→ **Exercise data**:
[Start of Attachment]

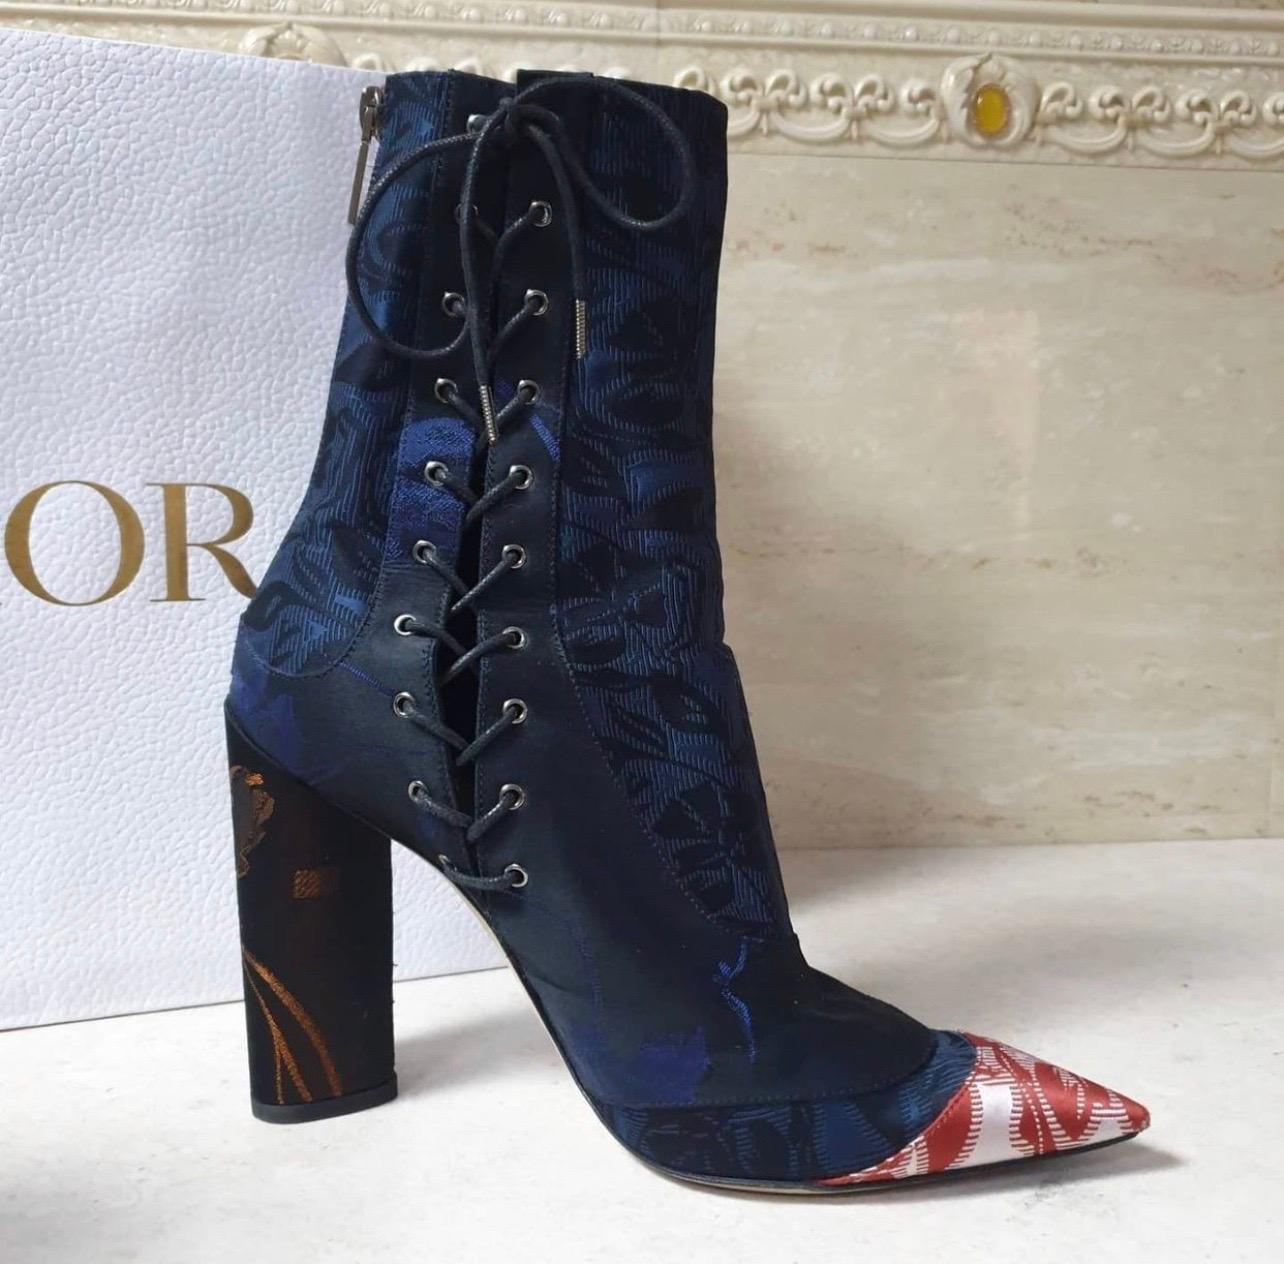 Christian Dior pointed toe ankle boots are nothing but perfect! Blue and Black floral embroidered fabric uppers and a red and white pointed toe, make for a chic look. The sides have lace up closures and a rear zip for easy on and off. Perfect for
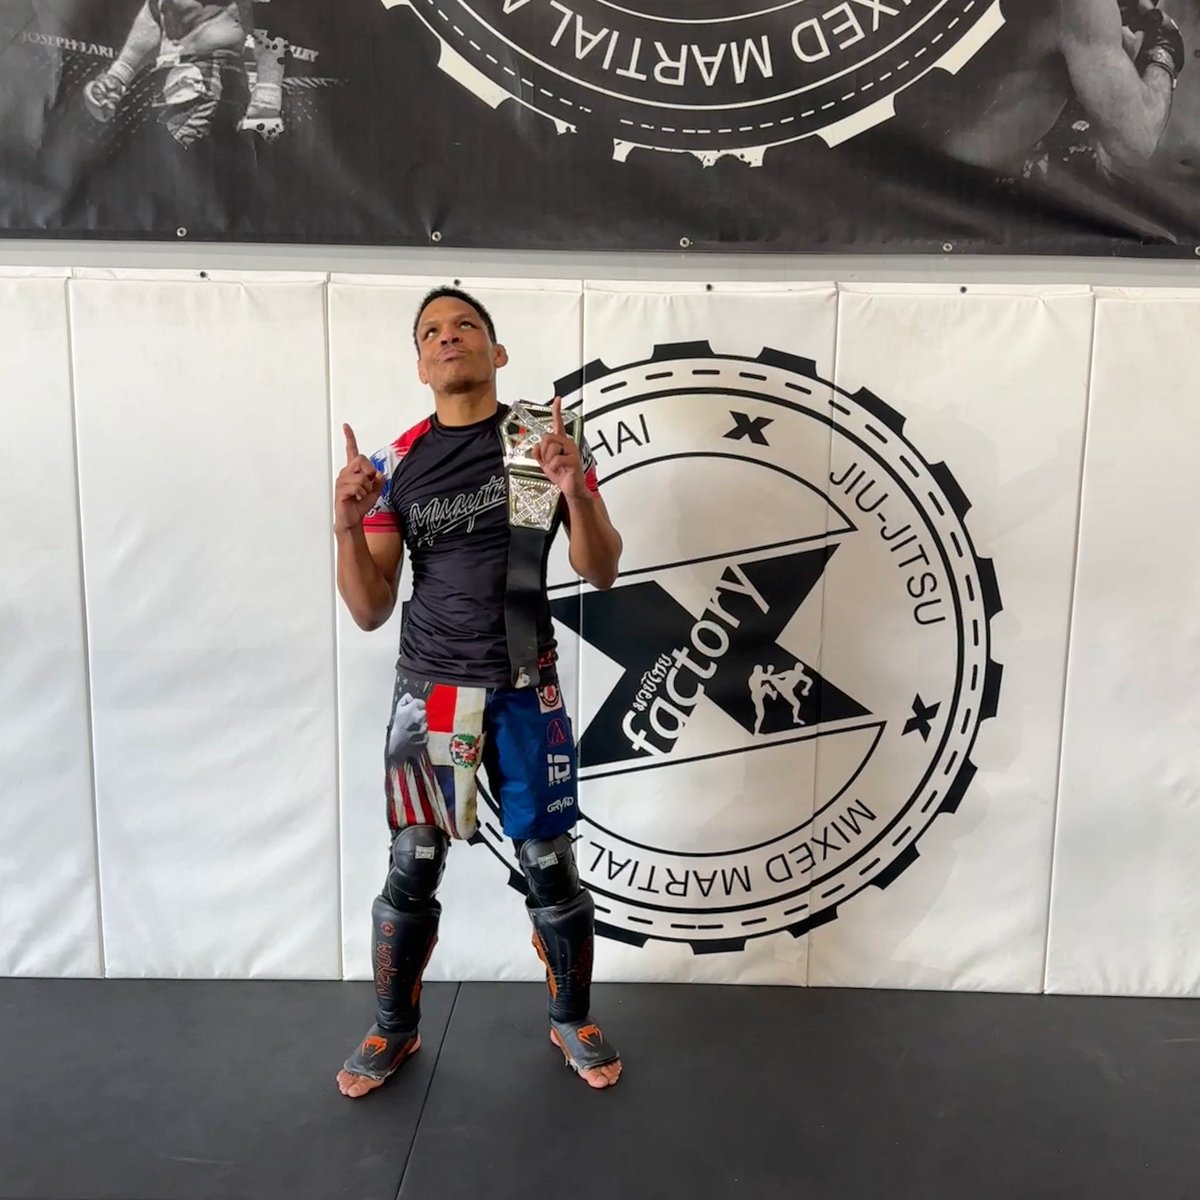 🏆 CHAMP This week’s FX Sparring Champ is @JohnDeJesusMMA 🏆 #andnewwwwwwww Will he retain his belt next week?! Stay tuned… #FactoryX #Xonthechest
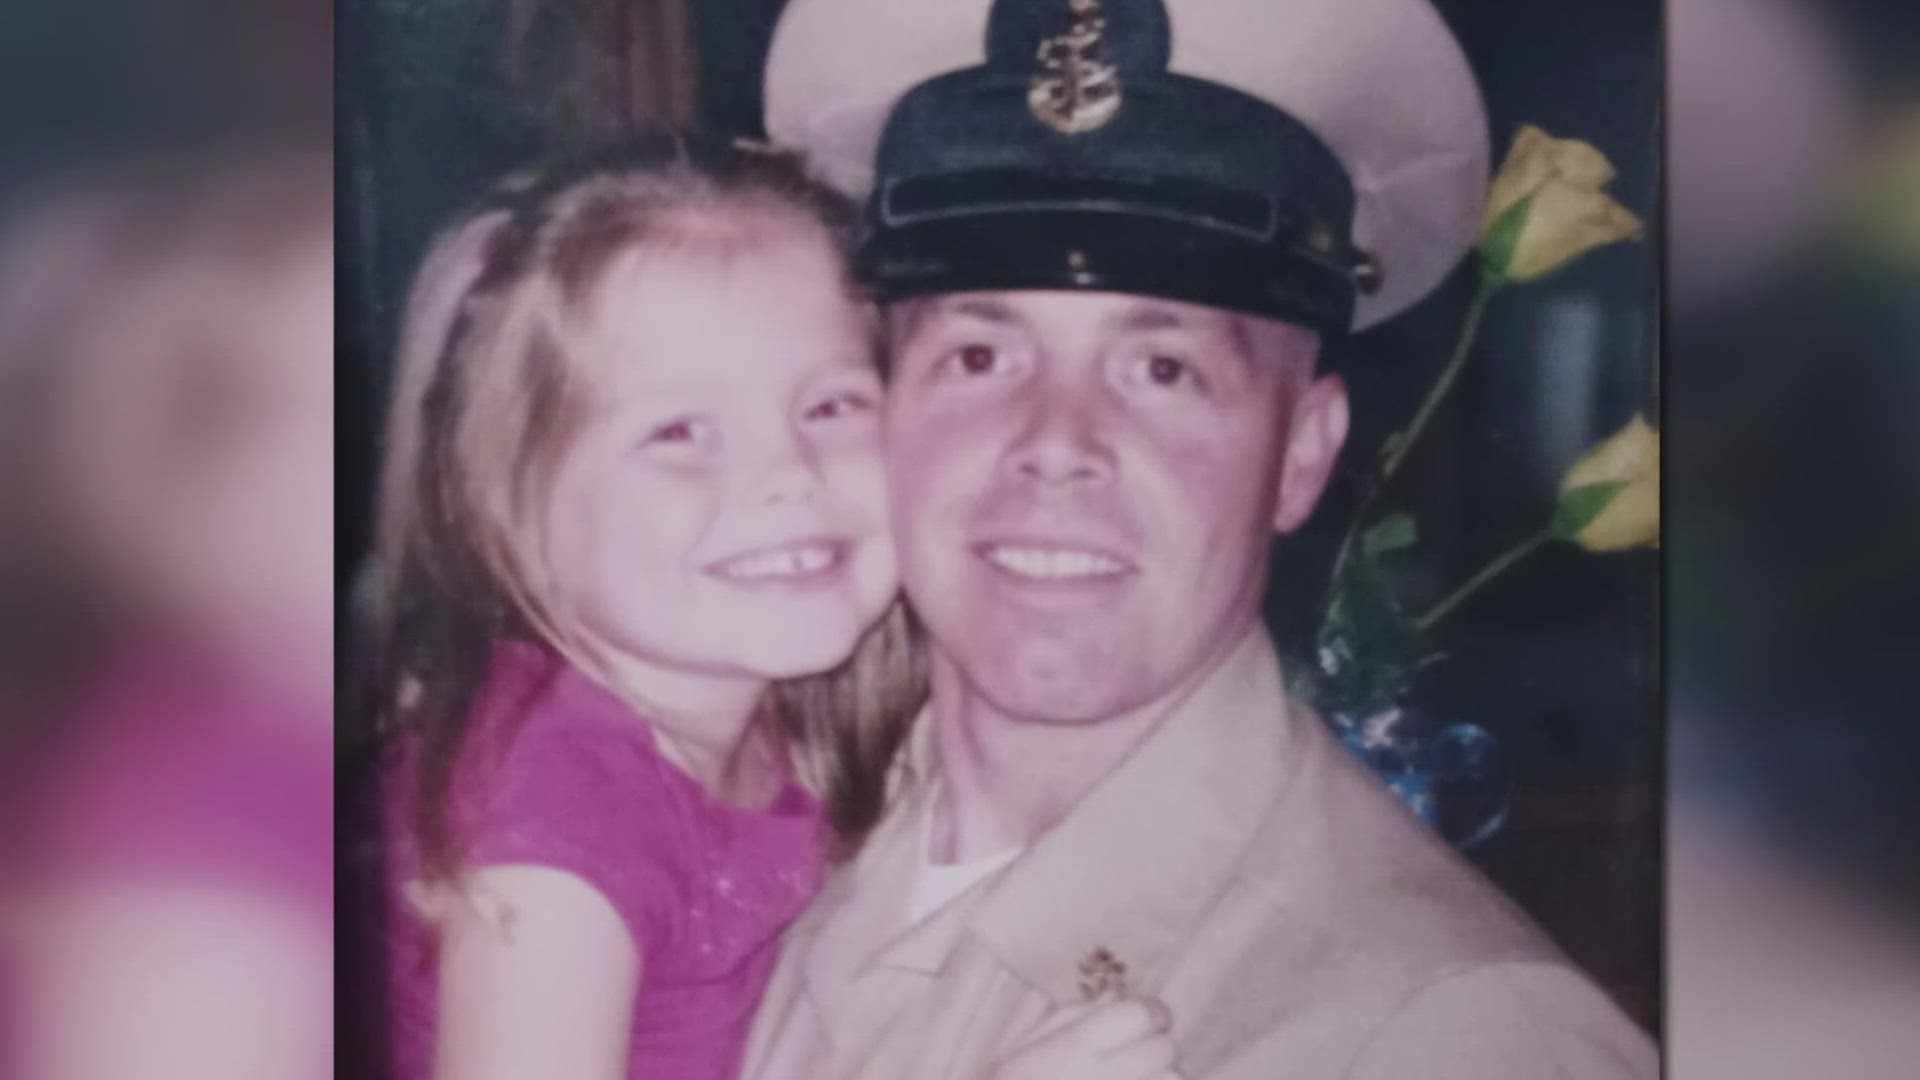 A Navy veteran of 20 years changed careers at the request of his daughter.
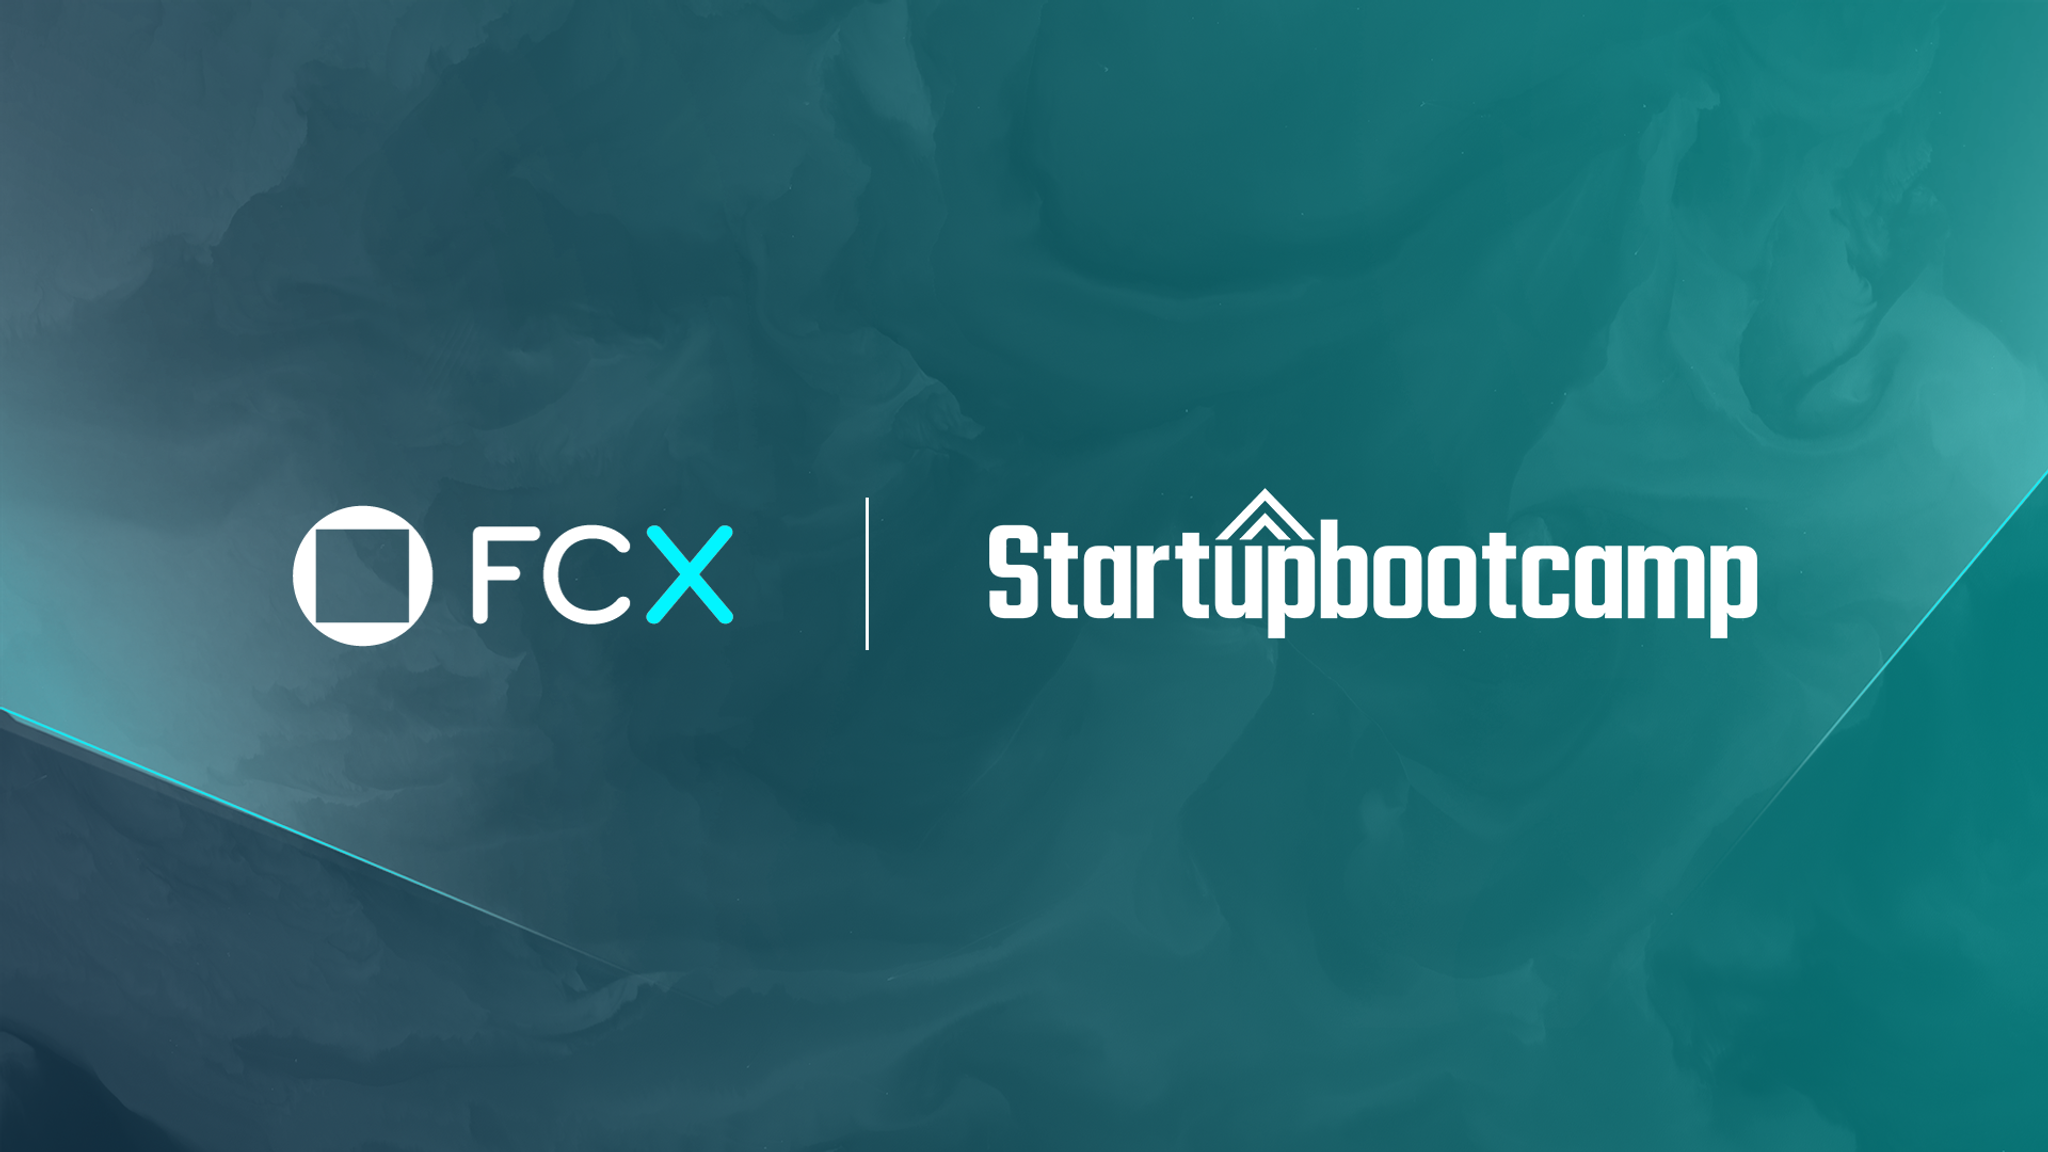 FCX has partnered with Startupbootcamp Australia to Accelerate Fintech!

[End of Attachment]

→ **What you have to do**:
Pictures do not belong in the copy. Repeat exactly each line from the one with "A Navy veteran" through the end of the listing.

→ **Your response**:
 A Navy veteran of 20 years changed careers at the request of his daughter.
 FCX has partnered with Startupbootcamp Australia to Accelerate Fintech!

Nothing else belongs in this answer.